Obviously the musical texts appear to be slightly different, as they are based on a comparison of the MSs Bauyn, Parville and a other minor sources.
Back in 1986, in the EARLY MUSIC magazine, May 1986 pp. 284ff., Richard Langham Smith wrote a review of ODM and compared it with HAC. He observed that ODM is a reprint, with corrections by Moroney, from the plates of an original edition from the 1930s. He also devoted a page to the question of the performance and notation of the Préludes. Finally, he observed that HAC tends to favour Parville and groups pieces in suites, while ODM tends to favour Bauyn and groups the pieces by tonality (as per the sources). However, Smith makes is no attempt to compare the musical qualities of both scores.
Which is what I have started today, mainly trying to find in ODM fixes to some readings in HAC which I find suspicious.
So I first spent the afternoon writing in HAC’s index (TABLE DES MATIERES) the page number equivalent in ODM. When this chore was over, I realised that entire pieces in either edition are missing in the other one.
Most notably, about two dozen pieces in ODM are missing in HAC (many pieces in Bauyn are of dubious attribution). So far so good, and this fact has been often commented upon.

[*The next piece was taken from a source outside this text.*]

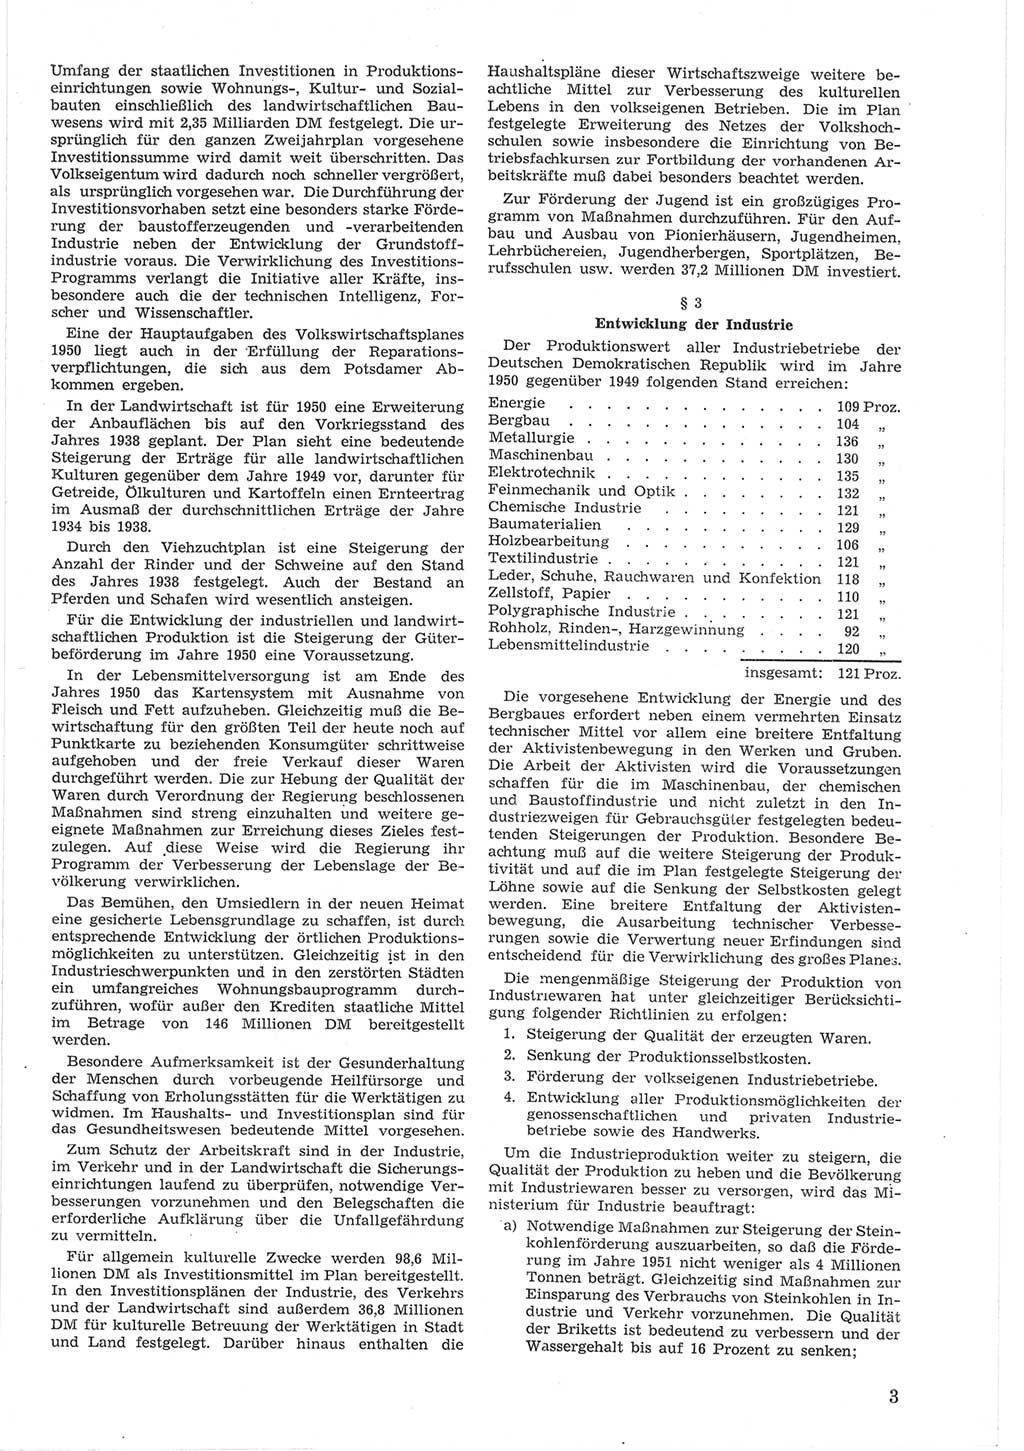 Provisorische Volkskammer (VK) der Deutschen Demokratischen Republik (DDR) 1949-1950, Dokument 603 (Prov. VK DDR 1949-1950, Dok. 603)

Unfortunately, these missing pieces include at least one great masterpiece: a Chaconne in C major (w/4 Couplets), featured in a private recording by Scott Ross (Paris 1971) of which I have a copy.

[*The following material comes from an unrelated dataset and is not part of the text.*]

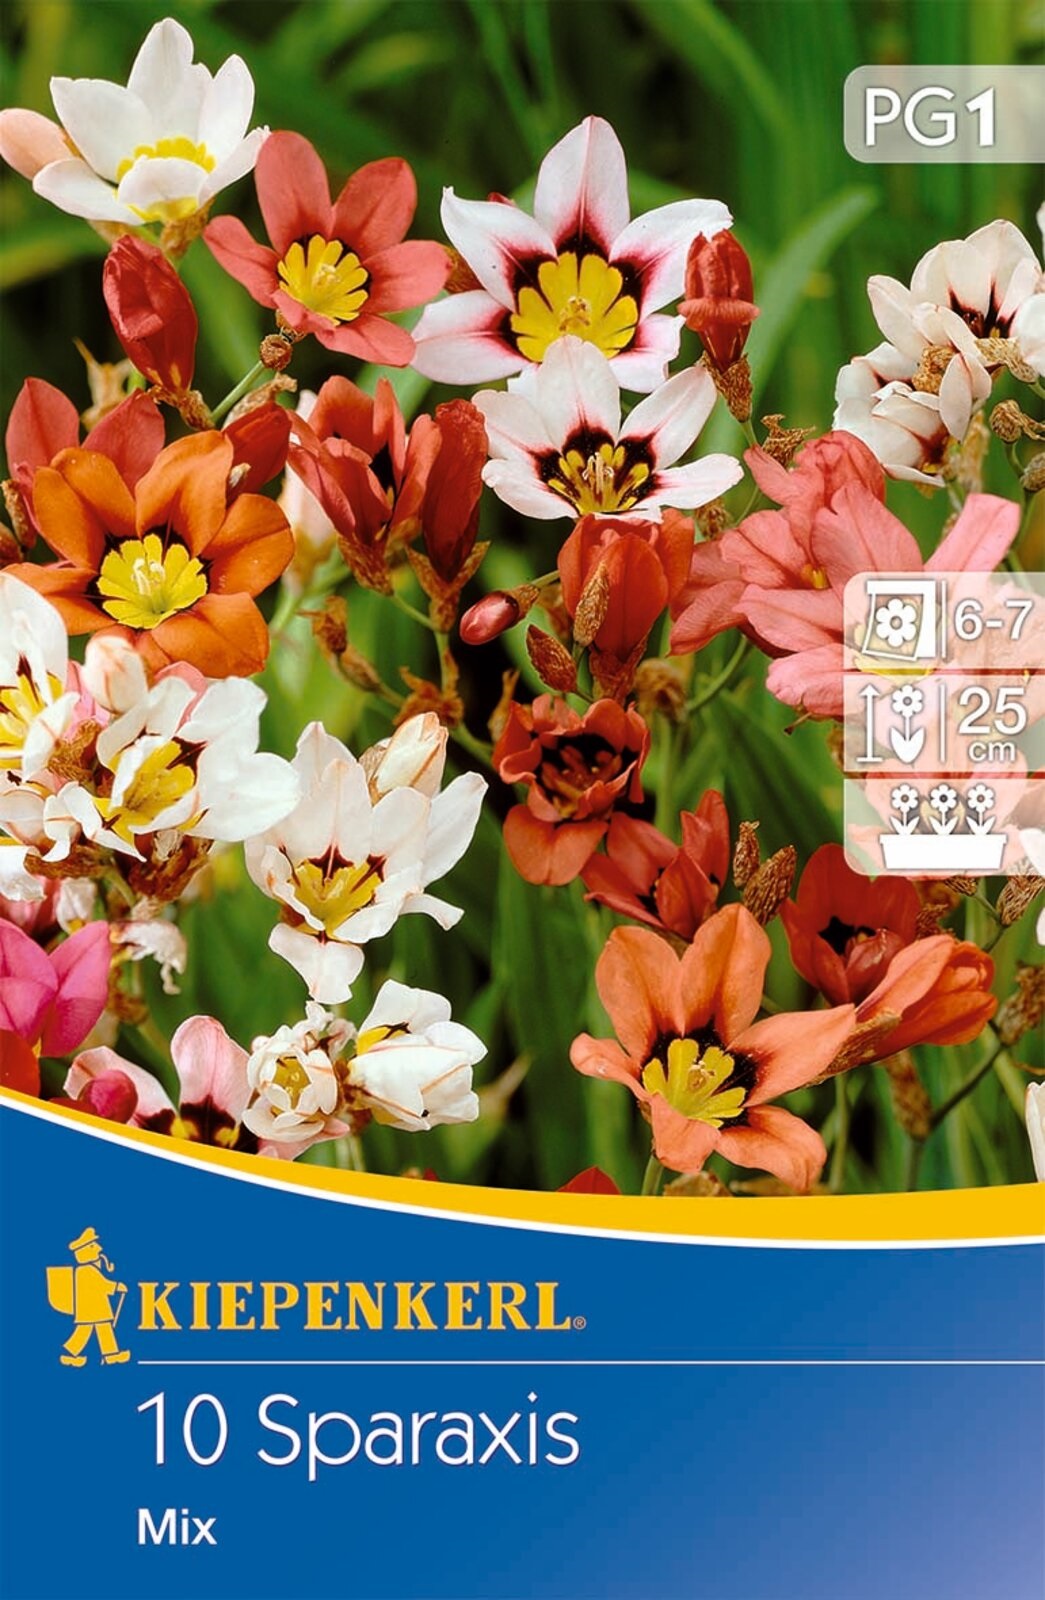 Virághagyma Sparaxis (Cigányvirág) tricolorszínkeverék Kiepenkerl 10 db

Vice versa, a few pieces in HAC are missing in ODM. Among these, a handful on pages 179ff. The last page of the PDF carries the number 177. But my PDF may be a downloaded copy, not necessarily identical to the one that was on sale until a few years ago.

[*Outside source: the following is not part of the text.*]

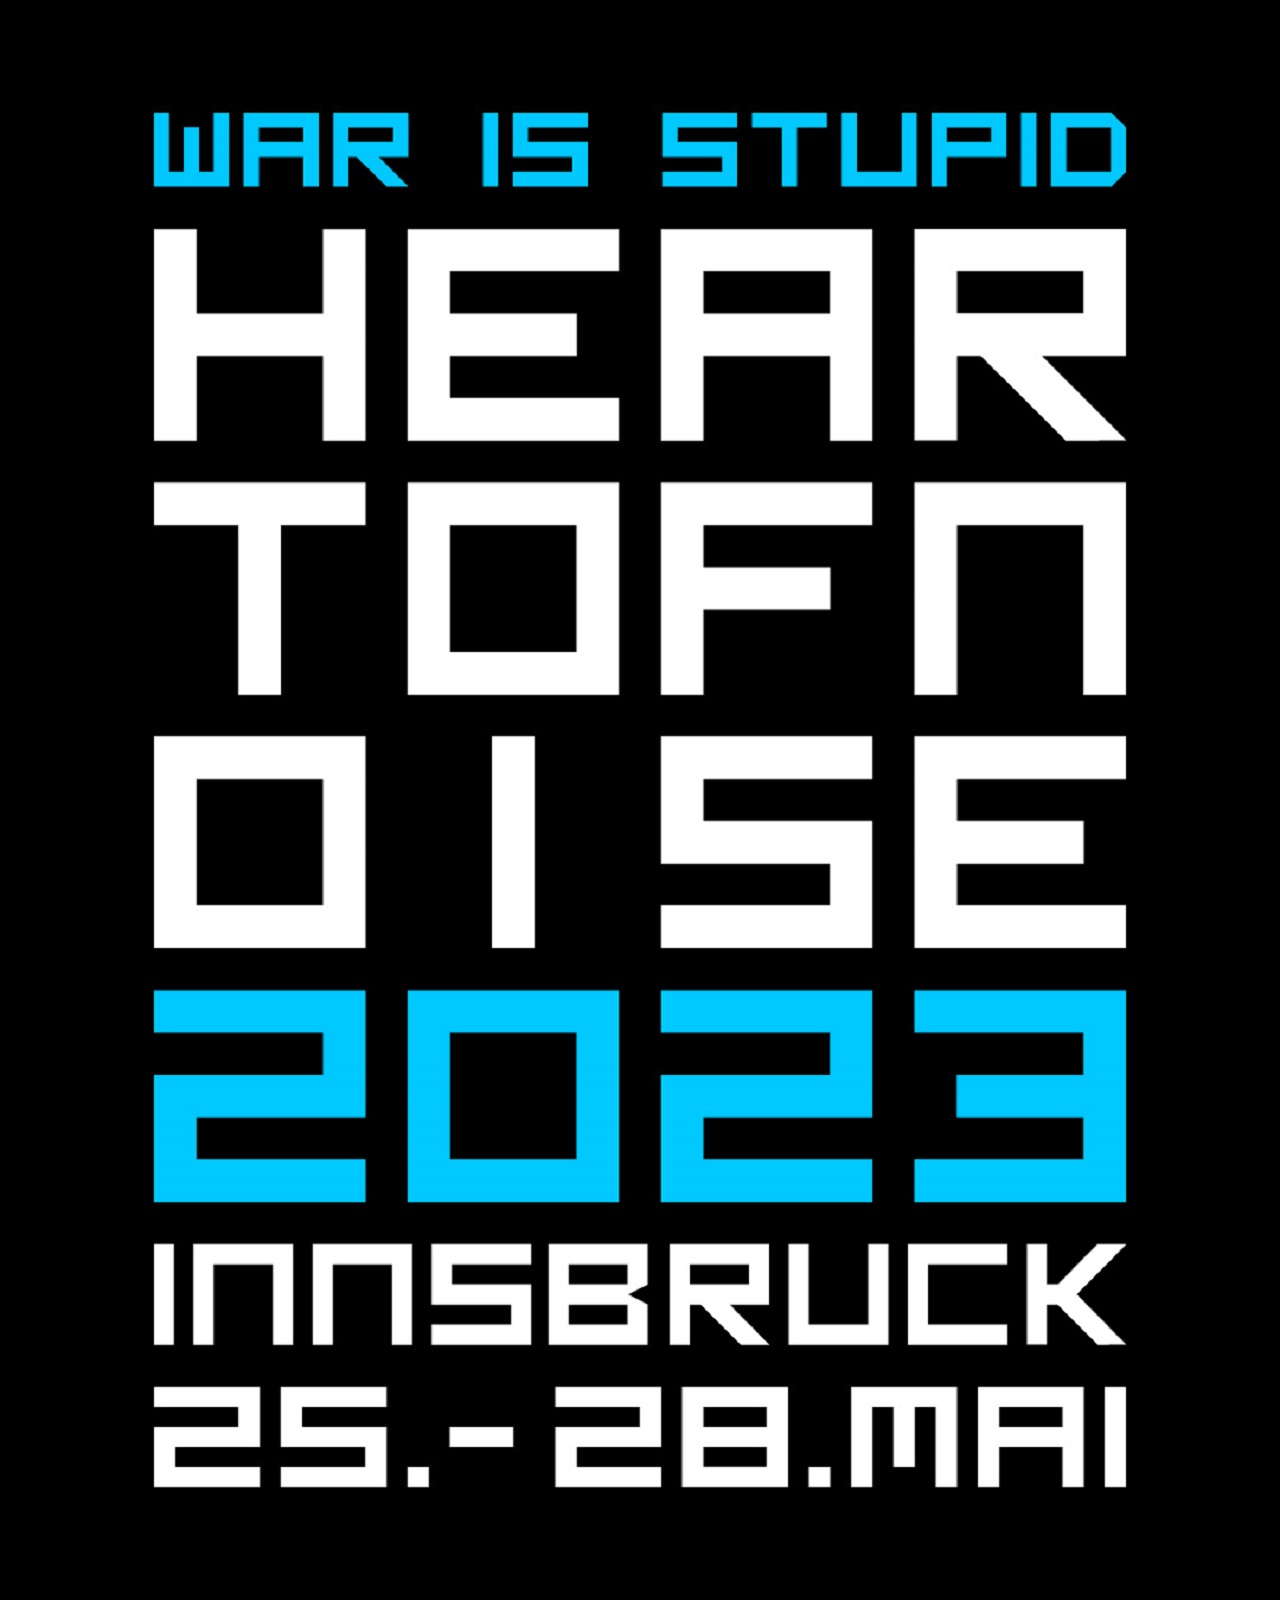 Heart of Noise Logo "War is stupid" Flyer 2023

So far I have just carried out a very a cursory comparison, expecting to find ODM superior to HAC, according to prevalent opinion in harpsichord discussion forums (where Moroney was a member but Curtis was not) for decades.
Surprisingly, at first sight I find quite a few errors in the sources which are fixed (mostly as a suggestion between brackets) in HAC, but not in ODM, who obviously prefers to leave the originals untouched. Most of these are obvious trills and mordents. I just compared a piece which is arguably the best Sarabande by L. Couperin, in b minor, p. 35 in HAC, p. 169 in ODM: in the first section of the piece, ODM carries no trills, while HAC carries four (!), one supposedly original from a source, the other 3 suggested. When a source carries a cadential trill with a written-out termination but not a trill sign, all modern editors suggest a trill within parentheses for the benefit of the non-specialist player/student. Unfortunately, ODM begs to disagree and does not add suggested trills.
Even worse is when what is missing is an accidental: upon sight-reading one easily fails to realise until the wrong note has been played.
I intend to write more once I have made a thorough comparison of a few pieces in both editions.